Versus your unmarked dirt track comparison, it is intuitively far easier to train a NN to drive in the centre of a nicely defined highway lane with good clear white lines and cats-eyes every 10 metres. But it's not obvious to me why you think it would be impossible to train a NN to recognise where the road edge begins and the grass verge starts. That seems a far easier thing to achieve than tarmacking and line-painting every obscure rural road in the world.
The bit I can see that is trickier, is for example the behaviour response when driving on a very narrow country road, when an oncoming agricultural vehicle cannot pass without you first reversing halfway off the road onto the grass bank. But as I said in my previous message, what percentage of journeys carry a greater than zero probability of this type of event?
IMHO, understanding the area
surrounding the road, and the implications of driving off the road, are absolutely critical to making a self-driving system. There's lots of places around here where if you go off the road, you're going off a cliff to your death. Human drivers drive much more cautiously in such places, and AI drivers need to as well. The system needs to be able to calculate a "
maximum width which will safely bear a vehicle" at the edge of the road, the penalties for being wrong, and adjust driving accordingly. The weighting factor for how bad the shoulder is should be multiplied by how bad the road and weather conditions are (aka, how likely you are to unintentionally go into the shoulder to begin with). The car should also be able to assess a
negative-width shoulder - e.g. where obstruction or undercutting of the road surface has extended into the road itself.

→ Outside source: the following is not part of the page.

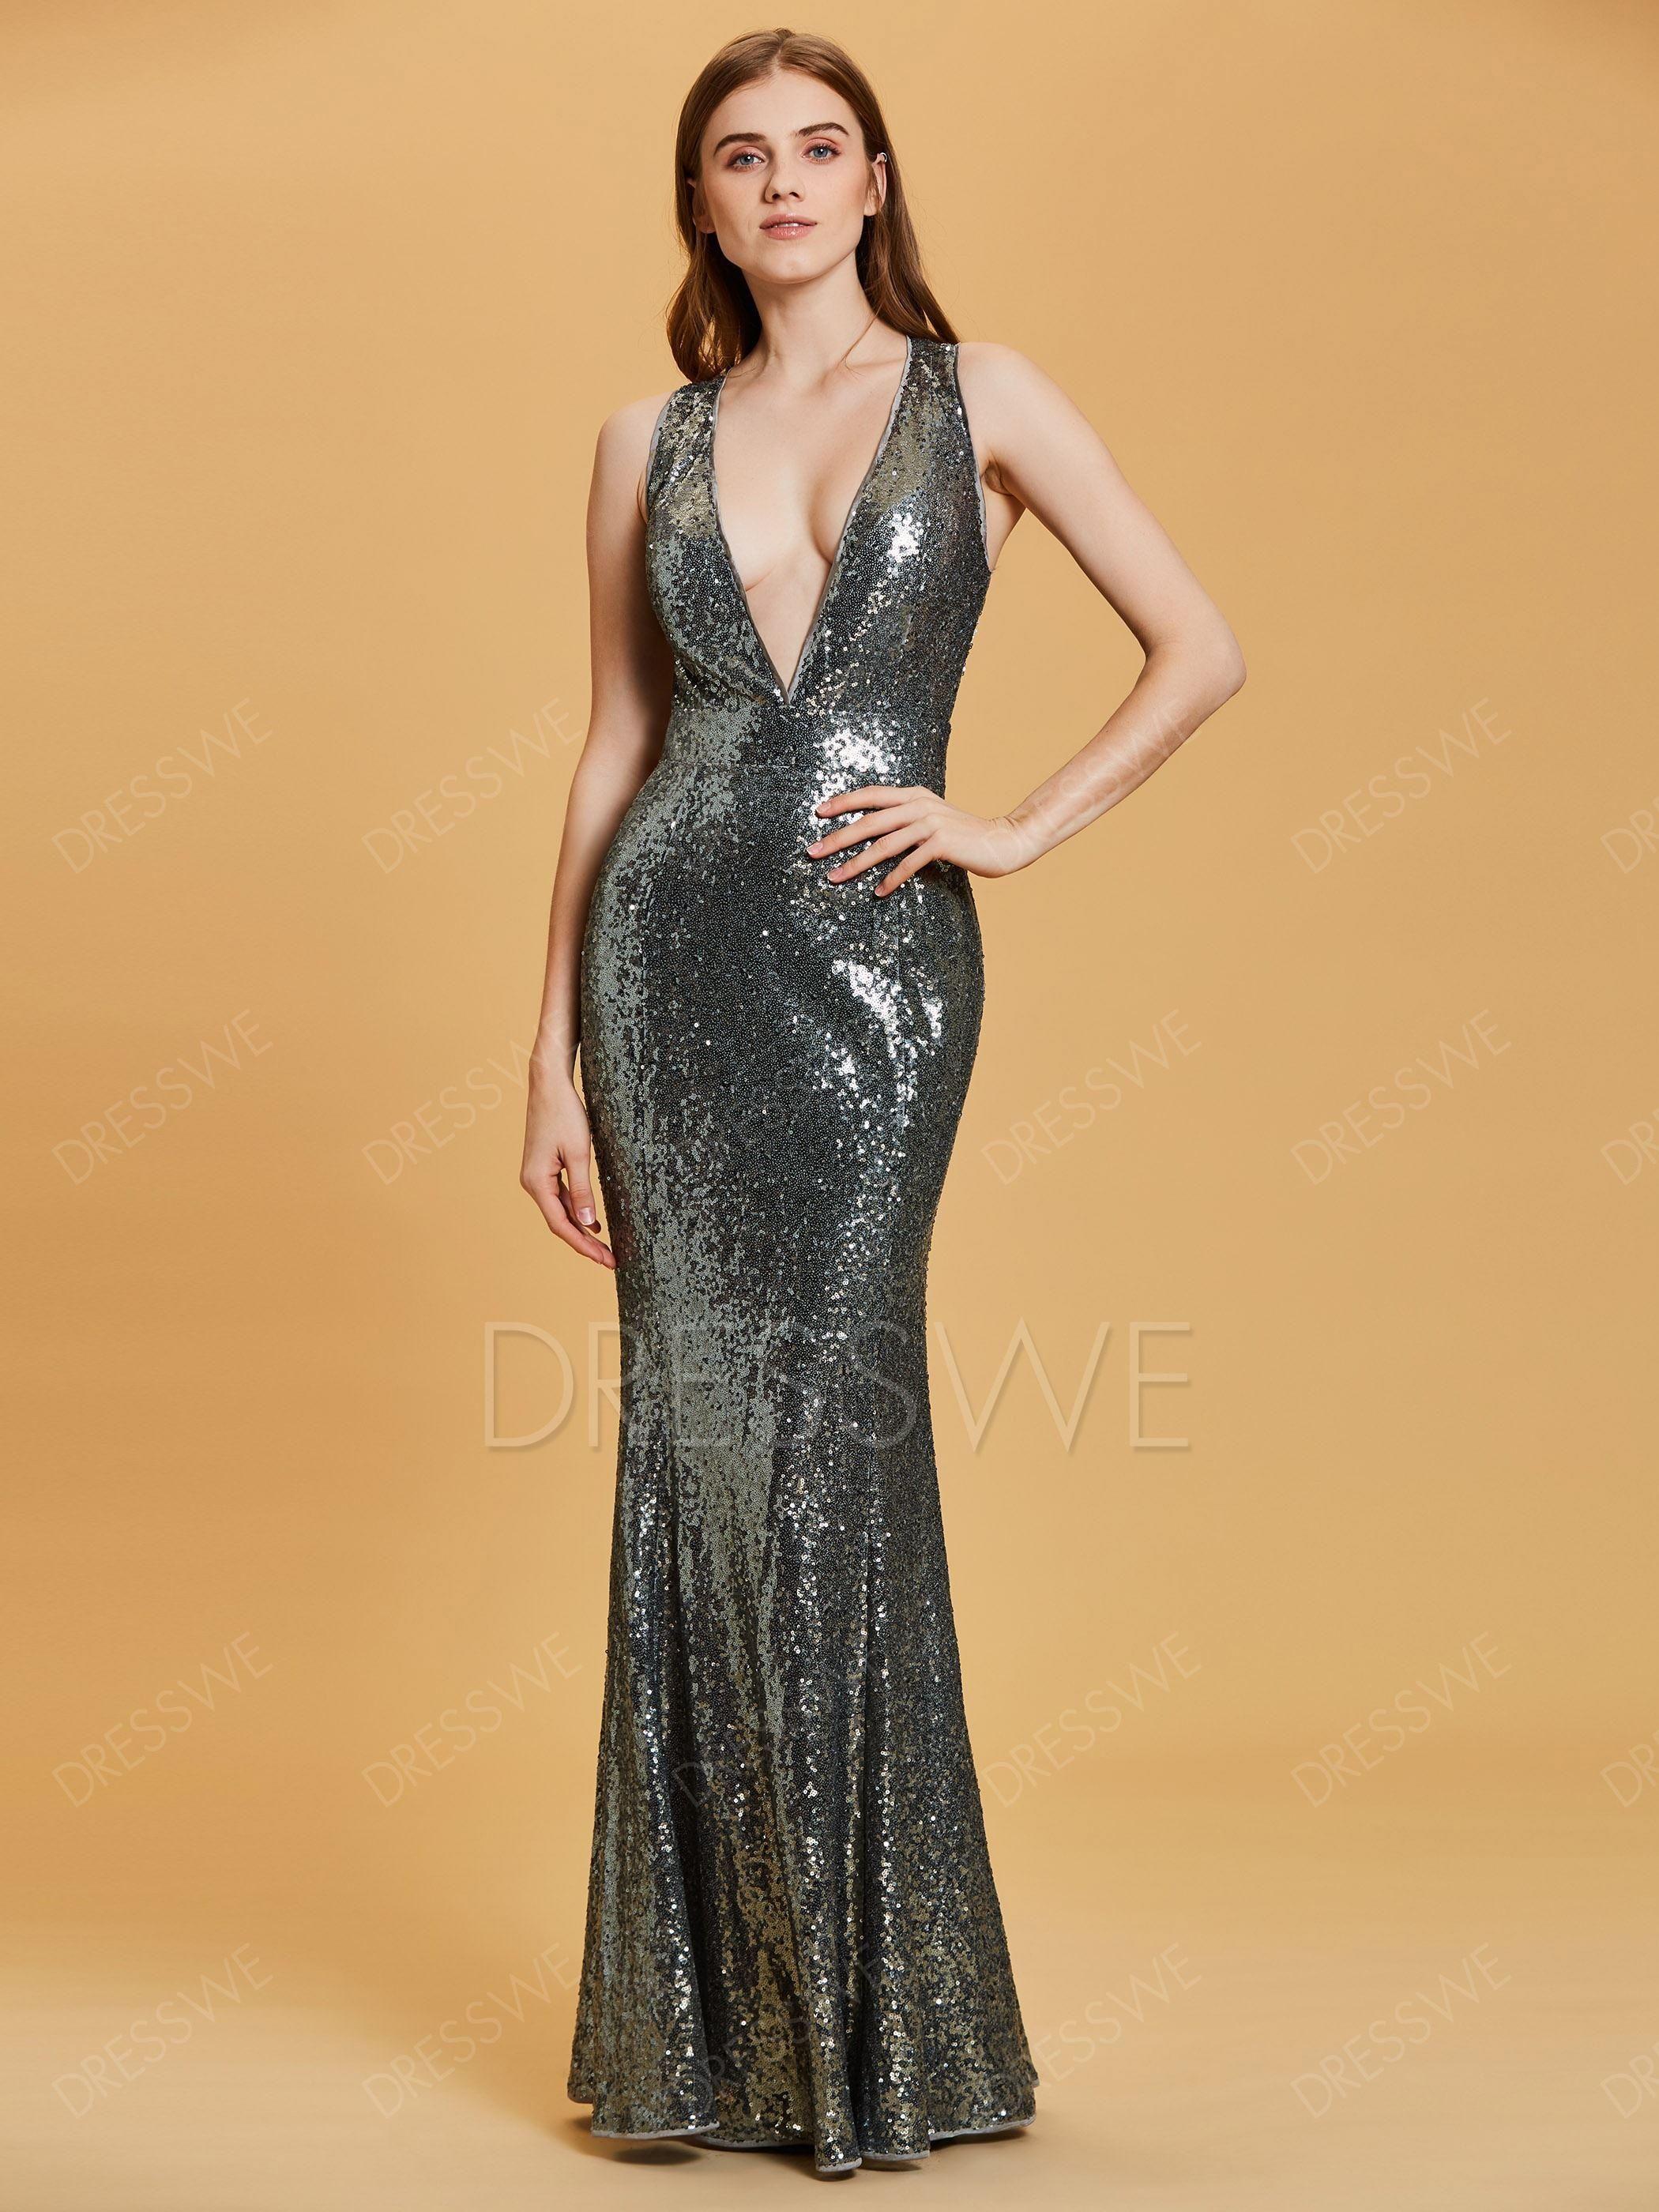 6887c1e685750 #falloutfits #AdoreWe #DressWe - #DressWe V Neck Criss-Cross Straps Sequins  Sheath Evening Dress - AdoreWe.com

On bad roads / bad weather around here where there's unsafe shoulders, it's standard for drivers to drive down the middle of the road (even where there's lines), unless there's oncoming traffic approaching. AP needs to learn to do this too.
The day I see, on the AP display, road shoulders accurately modeled, colour-coded by danger, and collision hazards on them (rocks, trees, human structures, etc) flagged by severity, and the current road's driving conditions accurately flagged, is the day that I'll think, "
Driverless self-driving is probably ready."
Thankfully, I imagine that Tesla
does care about this and is working on this, if only for wanting to have the ability to pull a car off the road if there's an emergency (or at present, if the driver is unresponsive). Shoulder assessment needs to be applied more broadly than that, but it'd be a critical first step.